- In office 7 January 2009 – 6 January 2017
- Preceded by: New constituency
- Constituency: Tema West
- Majority: 4,545
- President: John Kufour
- President: John Atta Mills John Mahama

Personal details
- Born: 30 September 1970 (age 55) Accra, Ghana
- Party: New Patriotic Party
- Children: 3
- Education: University of Warwick
- Profession: Lawyer

= Irene Naa Torshie Addo =

Ghanaian politician and lawyer

Irene Naa Torshie Addo (born 30 September 1970) is a Ghanaian politician and lawyer, former Deputy Minister of Foreign Affairs and a Member of Parliament for Tema West Constituency.

==Early life==
Irene Naa Torshie Addo was born in Osu, Accra, on 30 September 1970.

==Education==
She is a lawyer by profession and earned an LLM (Gender and Development Studies) from the University of Warwick in 1999.

Irene Naa Torshie Addo read law in the University of Ghana – Legon. She was called to the Ghana Bar in 1996.

== Career ==
As a member of the New Patriotic Party, she became a Member of the Ghana Parliament for Tema West during the 2008 elections and assumed office on 7 January 2009 to 6 January 2017 after losing the New Patriotic Party's primaries to Carlos Ahenkorah in 2015.

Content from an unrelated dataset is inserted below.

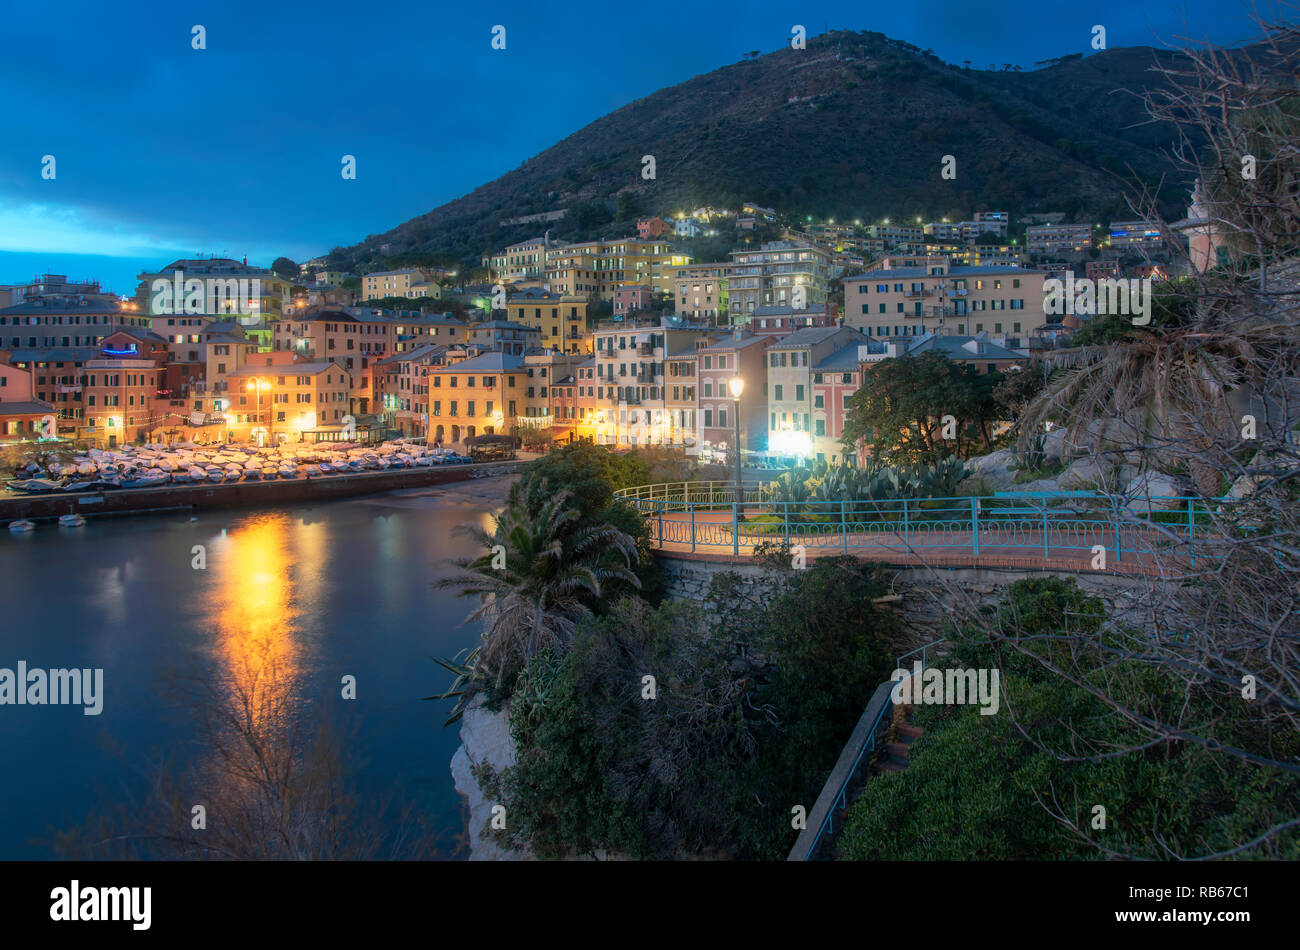 Scène de nuit à Nervi, Gênes, Italie, donnant sur le port avec ses bâtiments historiques sur la montagne et lumières réfléchissant sur l'eau calme dans la b Banque D'Images
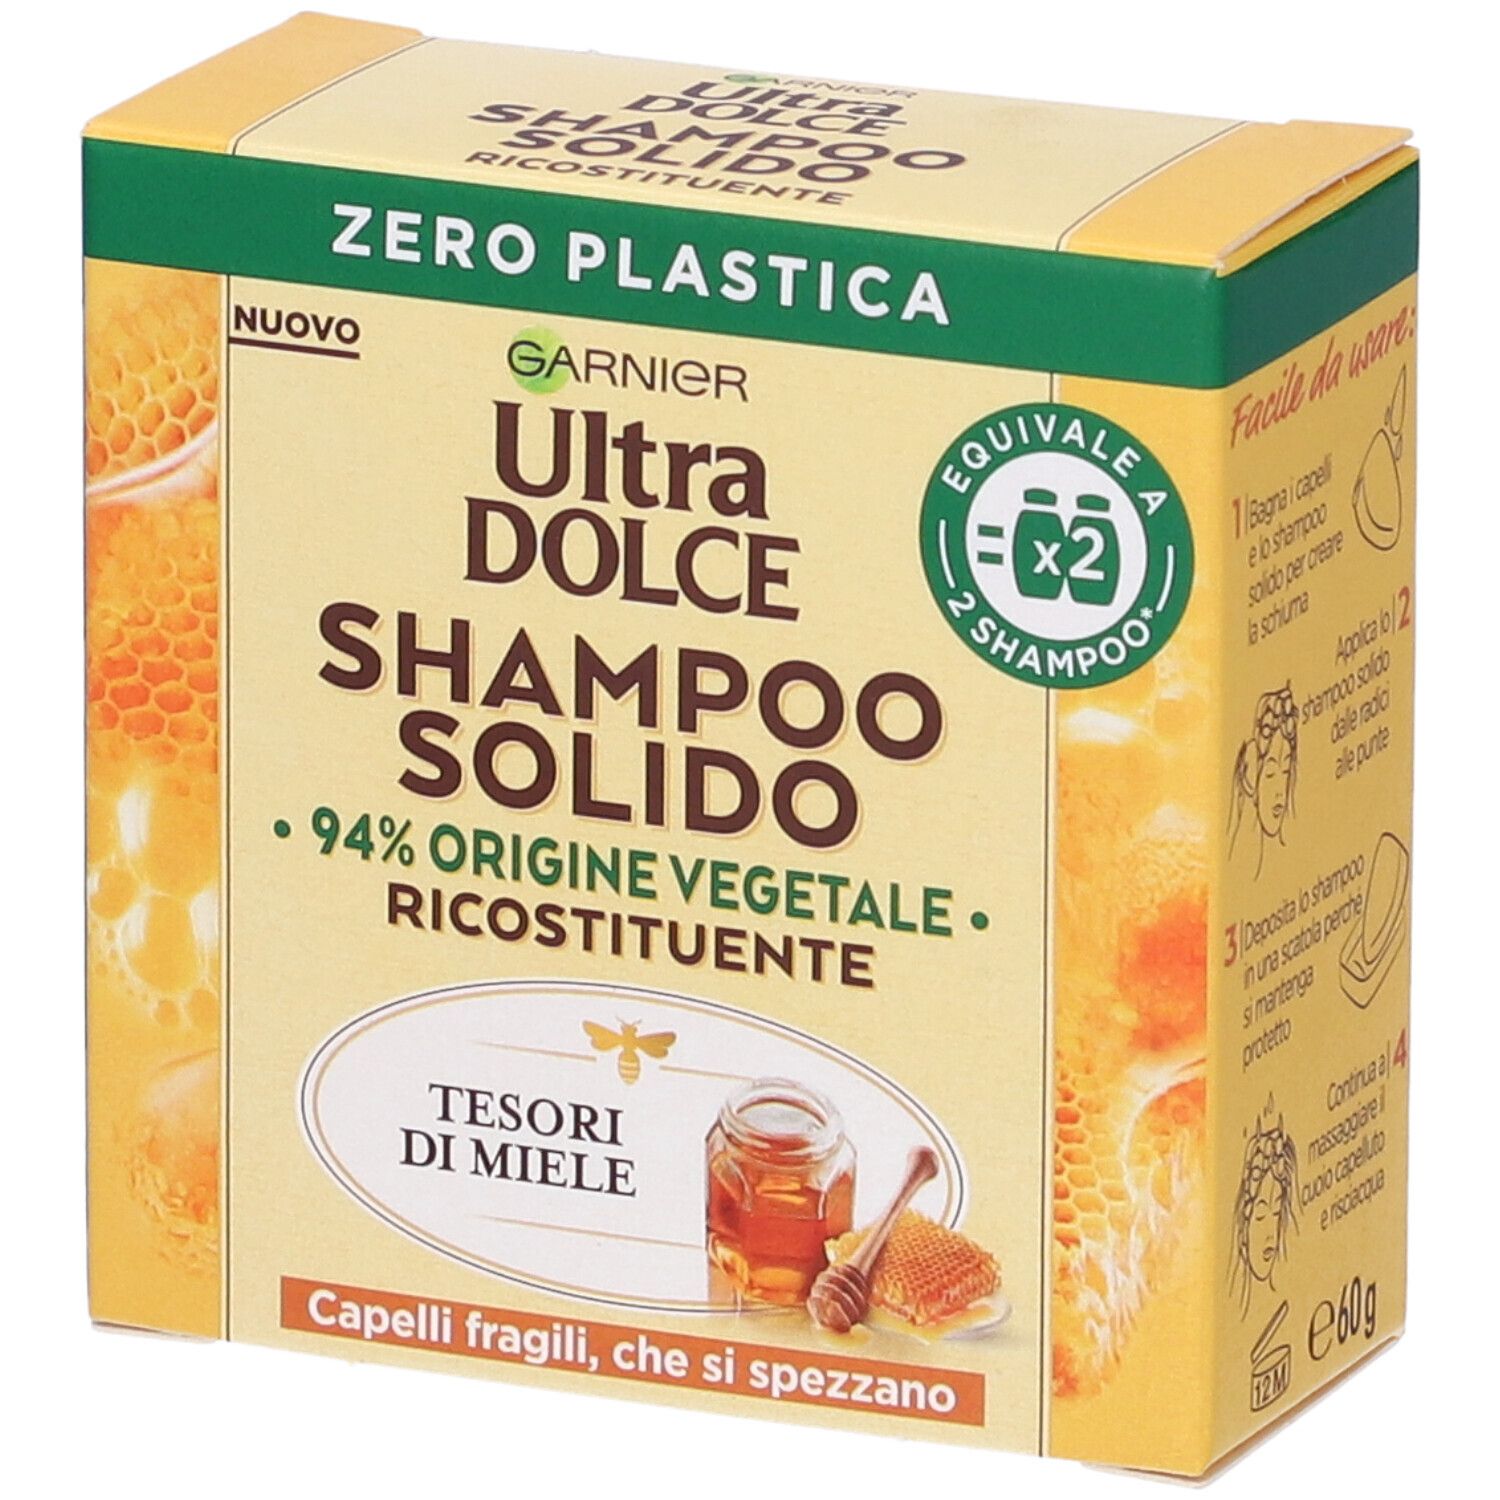 Garnier Ultra Dolce Shampoo Solido Tesori di Miele, Per Capelli Fragili che si Spezzano, Con packaging 100% ecologico plastic-free, 60 gr

She was appointed the Deputy Ambassador to the Embassy of Ghana in Washington DC. in September 2006

Irene was appointed as the Administrator of the District Assemblies Common Fund (DACF) by President Nana Addo Dankwa Akufo-Addo.

==Personal life==
Divorced with two children, she is a Christian who is a Baptist by denomination. She has two daughters in her first marriage: Samantha and Simone and a son named Stanely. The eldest Samantha Abigail Nana Adobea Addo. The second Simone Antonia Naa Adoley Addo and the youngest Stanely Walter Kwamena Adom Addo.